Advances in understanding and managing celiac disease: Pathophysiology and treatment strategies

Abstract

In this editorial, we comment on an article published in the recent issue of the World Journal of Gastroenterology. Celiac disease (CeD) is a disease occurring in genetically susceptible individuals, which is mainly characterized by gluten intolerance in the small intestine and clinical symptoms such as abdominal pain, diarrhea, and malnutrition. Therefore, patients often need a lifelong gluten-free diet, which greatly affects the quality of life and expenses of patients. The gold standard for diagnosis is intestinal mucosal biopsy, combined with serological and genetic tests. At present, the lack of safe, effective, and satisfactory drugs for CeD is mainly due to the complexity of its pathogenesis, and it is difficult to find a perfect target to solve the multi-level needs of patients. In this editorial, we mainly review the pathological mechanism of CeD and describe the current experimental and improved drugs for various pathological aspects.
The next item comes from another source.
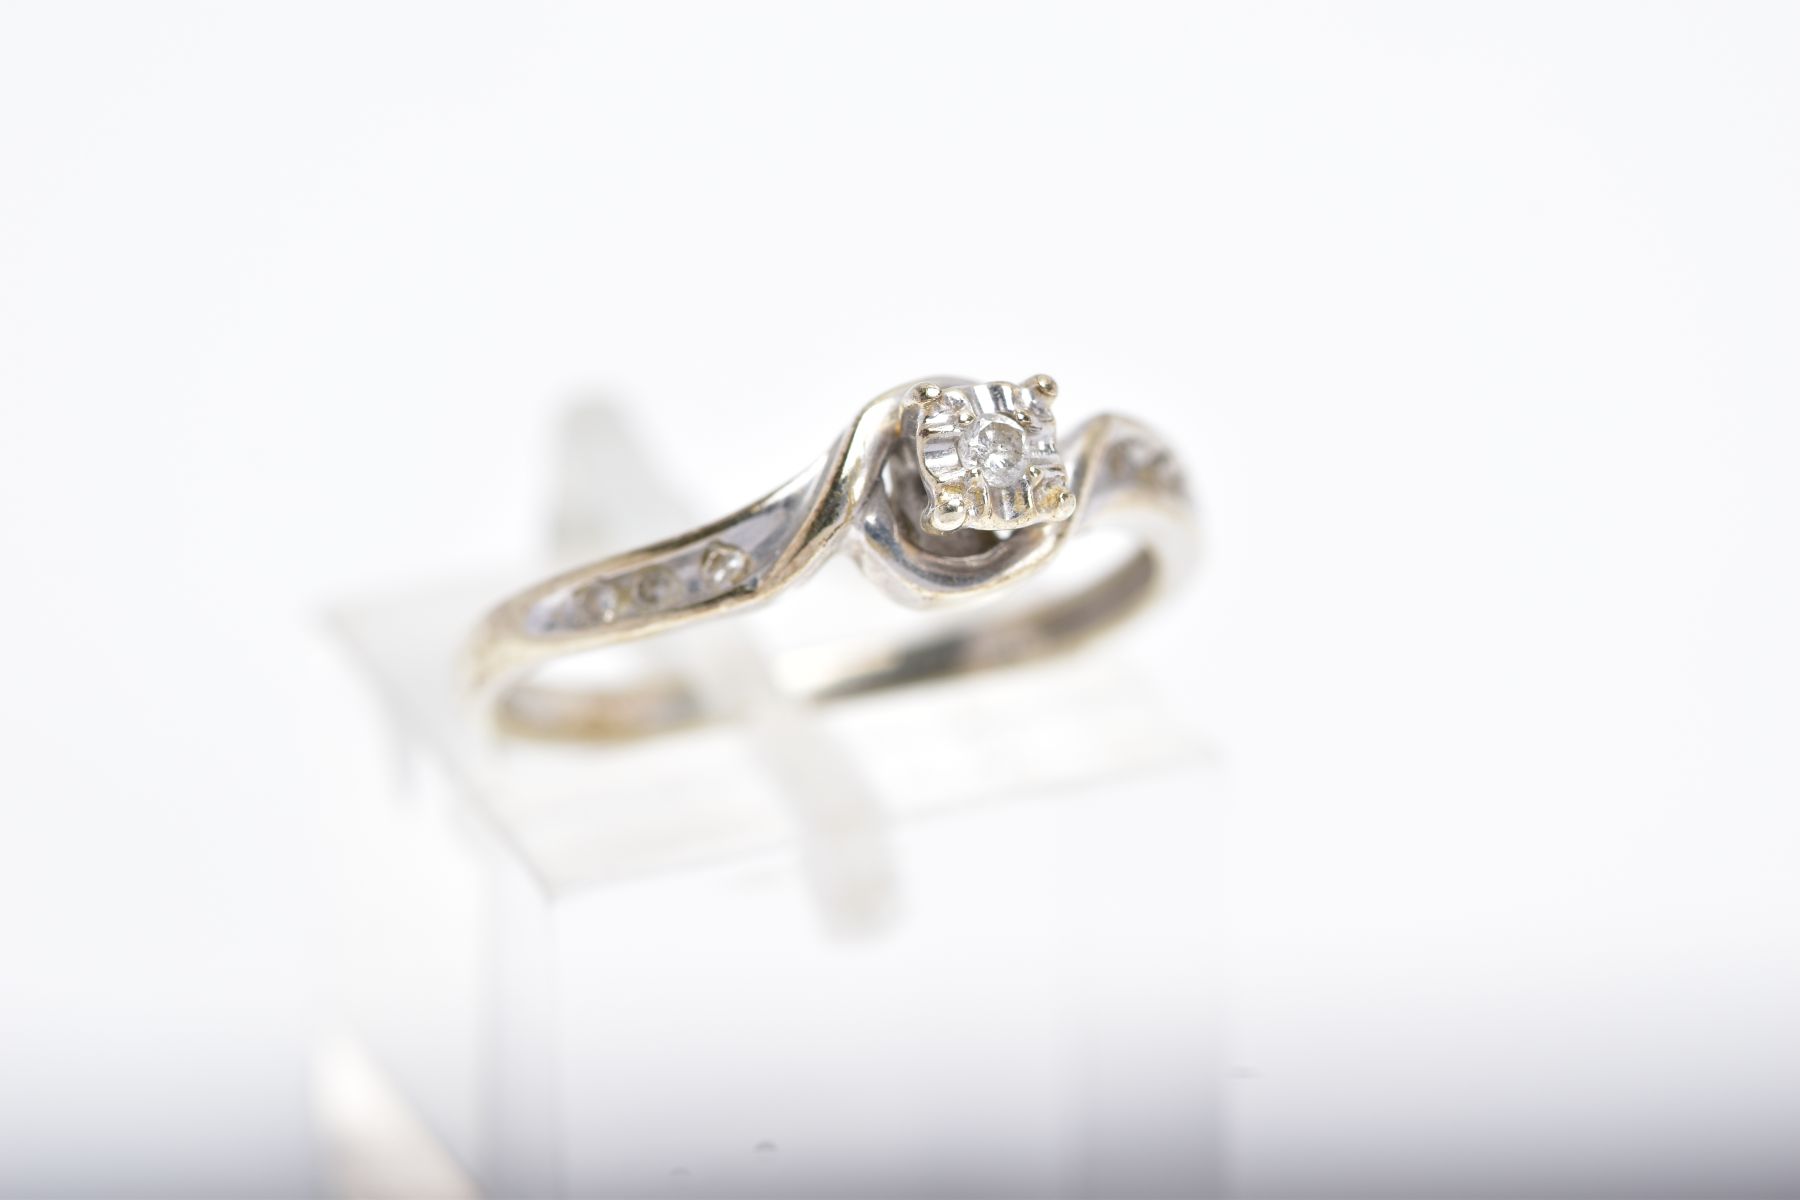 A 9CT DIAMOND RING, designed with a central round brilliant cut diamond within a square surround, - Image 4 of 4
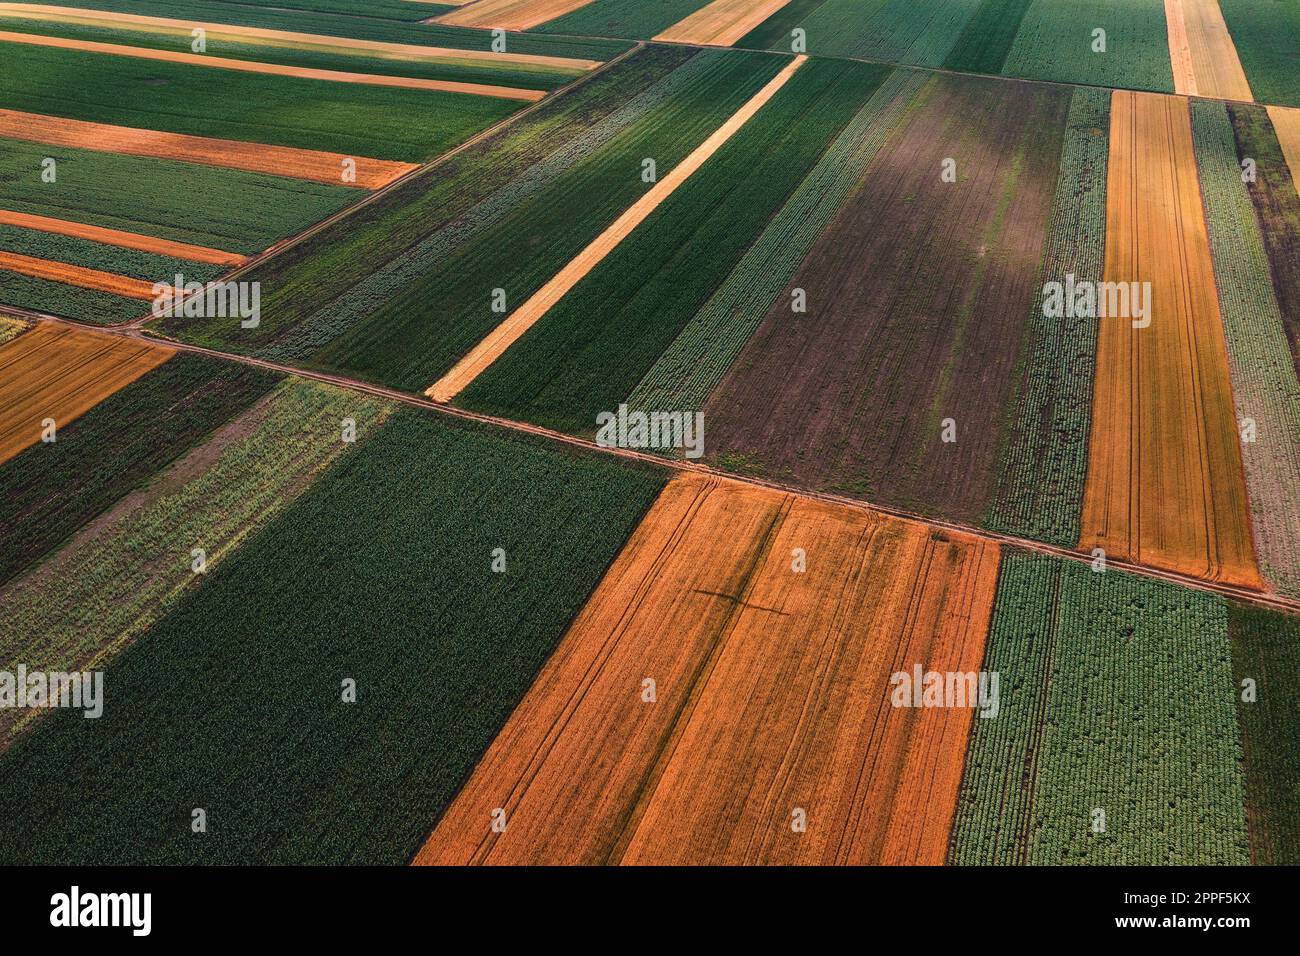 Abstract agricultural background, beautiful colorful patchwork pattern of cultivated fields from drone pov Stock Photo

Keywords: Aspergillus niger prolyl endoprotease; Celiac disease; Gluten-free diet; Human leukocyte antigen; Immunotherapy; Pathology; Treatment.

Figure 1

Pathophysiological mechanisms of celiac disease. Gluten or gliadin crosses the epithelial cells, and after the deamidation by transglutaminase-2 (TG2), they become easier to be recognized by antigen presenting cells (APCs) expressing HLA-DQ2/8. APCs could secrete interleukin (IL)-15 which causes damage to epithelial cells directly or through activation of intraepithelial lymphocytes expressing natural killer cell receptor. Also, APCs present the deamidated polypeptides complex to CD4⁺ T cells which further secrete interferon-γ and IL-21 to cause damage to epithelial cells. In another way, CD4⁺ T cells activate B cells to differentiate into plasma cells with secretion of antibodies against gluten, TG2, and deamidated polypeptides complex. TG2: Transglutaminase-2; IL: Interleukin; HLA: Human leukocyte antigen; APC: Antigen presenting cells; TCR: T cell receptor; IELs: Intraepithelial lymphocytes; IFN-γ: Interferon-γ; NKG2D: Natural killer cell receptor.